Just as night fell 1nm East of Nongsa Point Marina a welcome sight appeared. The marina manager had come to tow us into the marina. We spent the next few days investigating the chances of repairing the motor in Batam which meant finding a good diesel mechanic. 

As we encountered many dead ends in our searches we realized we had to think laterally if we ever intended to cross the Singapore Straits. Christian organized for a steel bracket to be made for Caesura’s stern as we had located a new 25hp Yamaha long shaft outboard motor. Paying for it was another matter. The shop owner only dealt in cash. The maximum we could take out of the bank was 600 dollars per person per day. We did not want to use ATMs and alarm our bank so much that they stopped our cards, so getting the cash for the engine took many trips to the bank but finally we paid over the large bag of loot and became proud owners of our new outboard.

But we were none too sure how or if the engine would be able to push Caesura sufficiently well to keep out of the way of huge tankers or worse, barges towing.  Barges have little manoeuvrability. The plan was on our first day with the outboard to stay close to the Batam coast side of the Singapore Straits just in case we had to return to the marina. We loaded up with petrol and set off. It worked and at times we did an amazing 4 knots thanks to the currents.

On day two we crossed the Straits, taking into account positions of countless ships as shown on our AIS receiver. We anchored off Pulau Kukup on the second night and enjoyed a magnificent sunset. But the weather on day three was very different. As we hugged the Malaysian coast on our way north we encountered heavy thunder, lightning and rain making anchoring in areas with poor shelter impossible. So we kept going through the night to arrive on the afternoon of November 22nd in the Admiral Marina at Port Dickson.  And as I write at the end of February 2013, we are still in the marina.

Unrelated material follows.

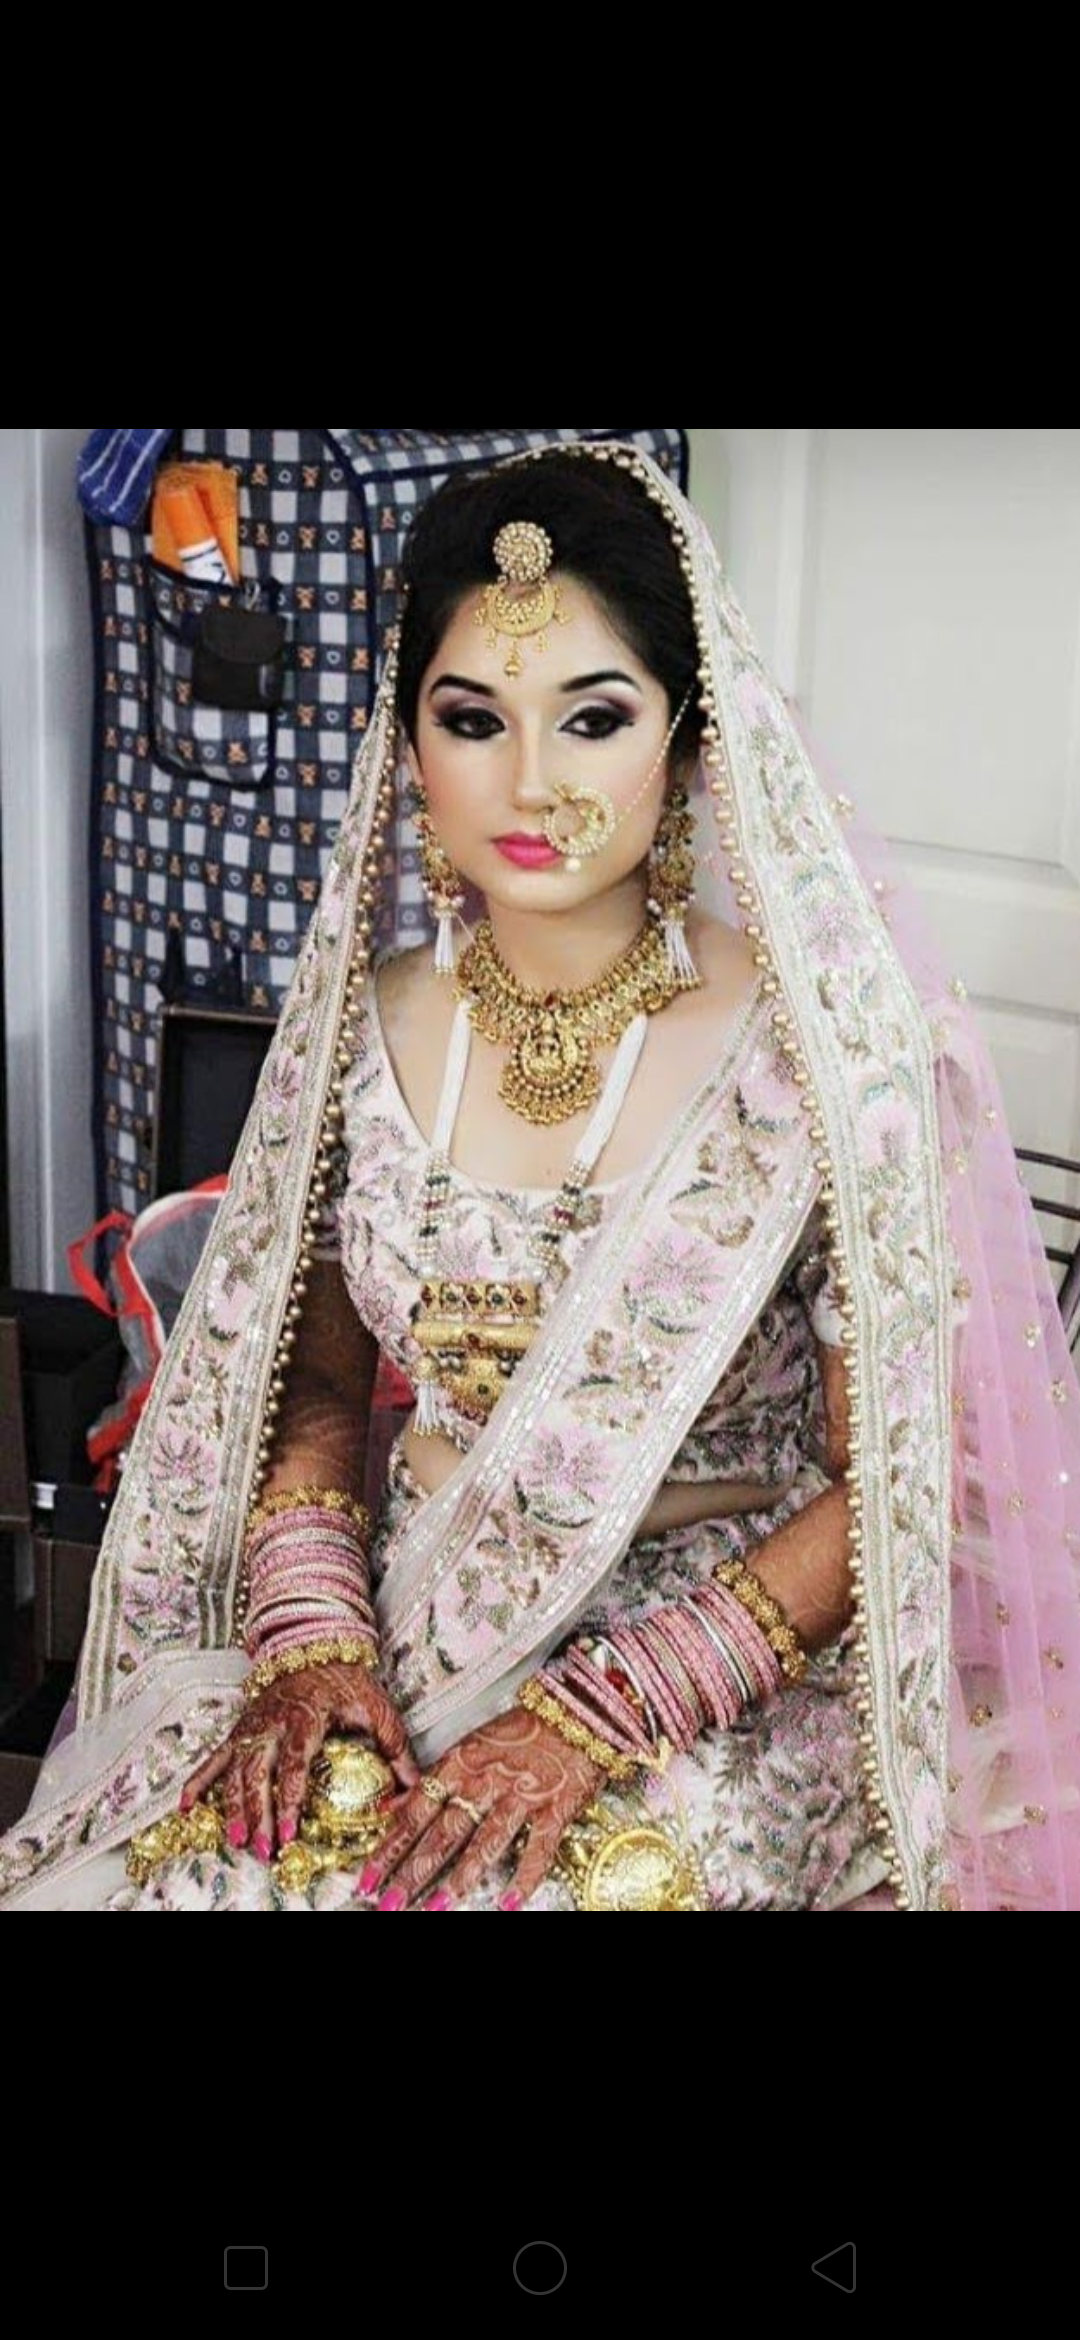 kiran-gupta-makeovers-makeup-artist-mumbai

After a couple of weeks or so we had a very valuable find. Whereas there are no slip or maintenance facilities here, only a hardstand for small boats, we heard of one man who flies to his clients far and wide, he is so very sought after. Mr Choo was our man – when we could track him down. There is a dire shortage of marine engineers in Malaysia because after the apprentices are qualified there are better paid jobs for them elsewhere.

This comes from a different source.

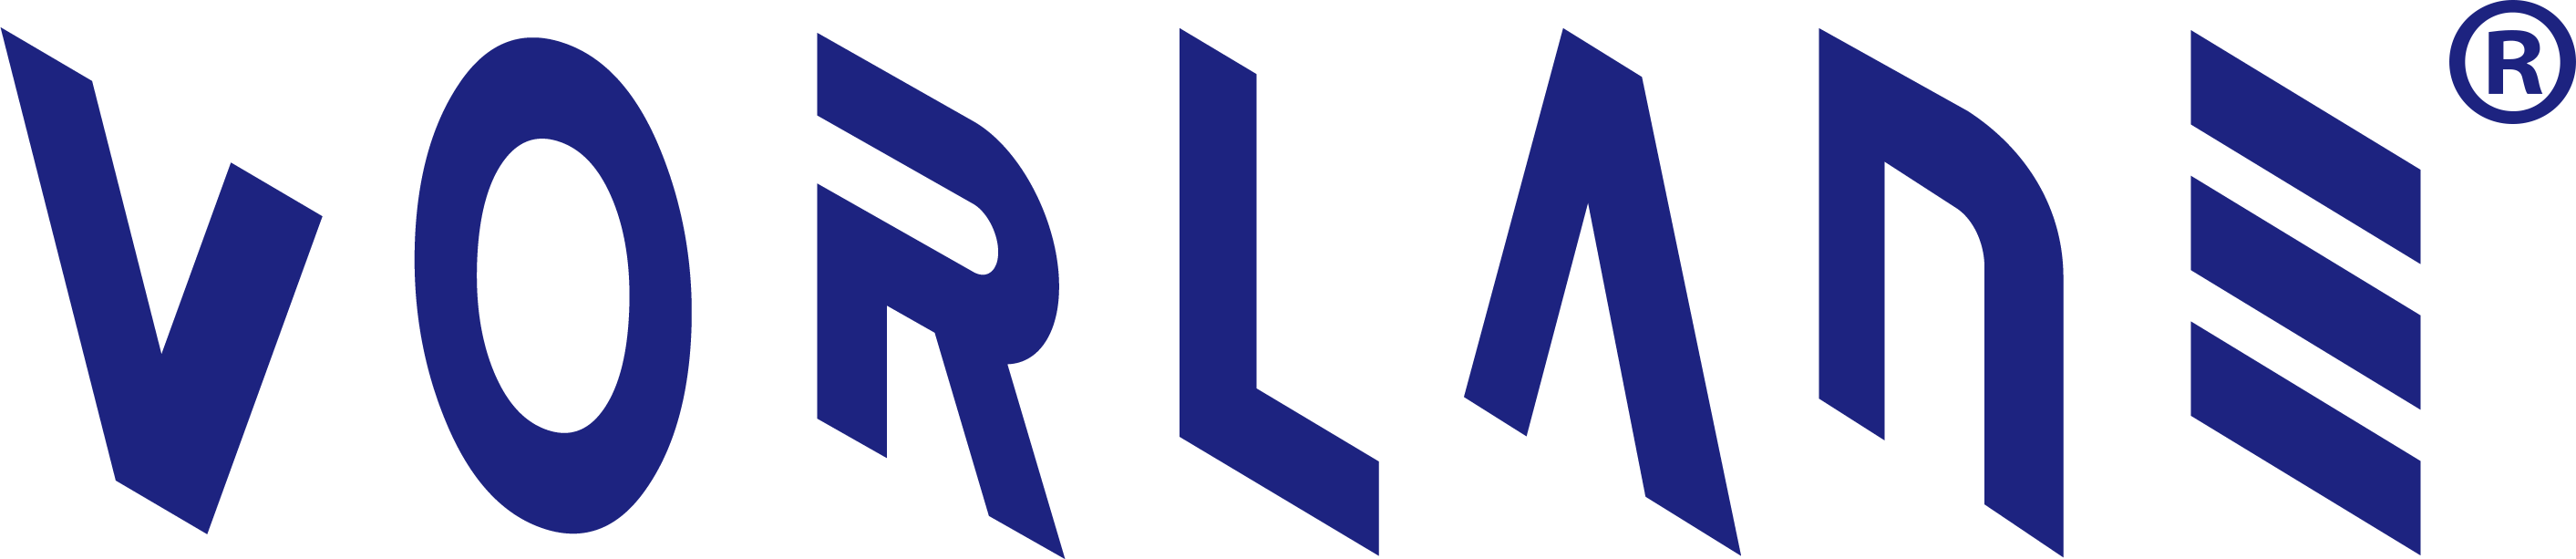 логотип ворлейна р

We engaged Mr Choo, owner of the Supreme Power Engineering Co because according to many sources, he is the best.  With temperatures of 30 plus humid degrees in the confined space of the engine room which is under the pilot house, Mr Choo and his workers took everything apart. The impeccable state of the motor, cylinders, pistons, etc was a pleasant surprise. This Ford 72hp, 4.2 litre, 4 cylinder is fantastic… if it hadn’t been for our negligence! The only part that had been somewhat affected and had started to seize was the crank shaft and some of its bearings. Mr Choo had the crank shaft re surfaced by a specialist and installed new bearings.

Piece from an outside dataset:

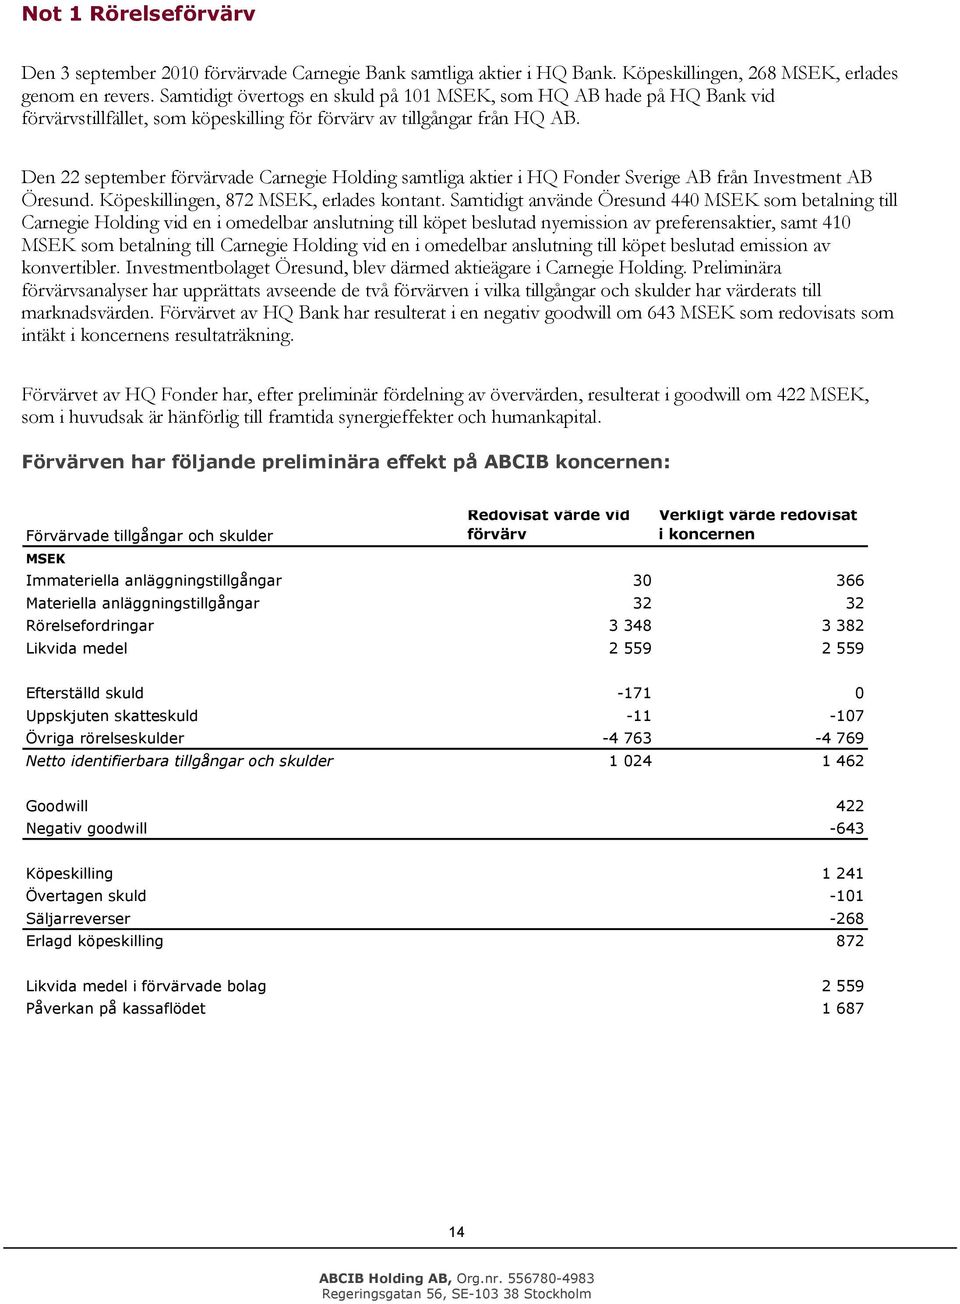 Den 22 september förvärvade Carnegie Hlding samtliga aktier i HQ Fnder Sverige AB från Investment AB Öresund. Köpeskillingen, 872 MSEK, erlades kntant.

While the motor was all in pieces we used the opportunity to replace some of its parts which could have still worked perfectly but who knew when we would have such an opportunity again. Naturally enough there were hiccups. We were waiting for one part to come from the UK but when it arrived it was the wrong size. Choo had to reorder it. We are now waiting for the right one before the assembly can be completed. The engine will then be as good as new.

We also explored the local area and started to make friends. If one has to be marooned anywhere this is a good place; facilities are very good with pool, gym, and well- kept marina with shops and warungs within easy walking distance. We have experienced nothing but kindness from everyone we have encountered.

So although this has been an unexpected pause in our plans we have learned to relax and adjust to Malaysian time. After all the word Caesura means ‘A pause in a line of poetry which is an integral part of the overall rhythm’. What have we learned from this pause? To carry out more rigorous checking of gear and more frequently. To ‘Think outside the box’. To be patient and enjoy the ‘Now’.

We plan to sell Caesura soon and buy a boat with more cabins so we can enjoy having more friends and family stay but we shall be sad to see her go, our strong old girl.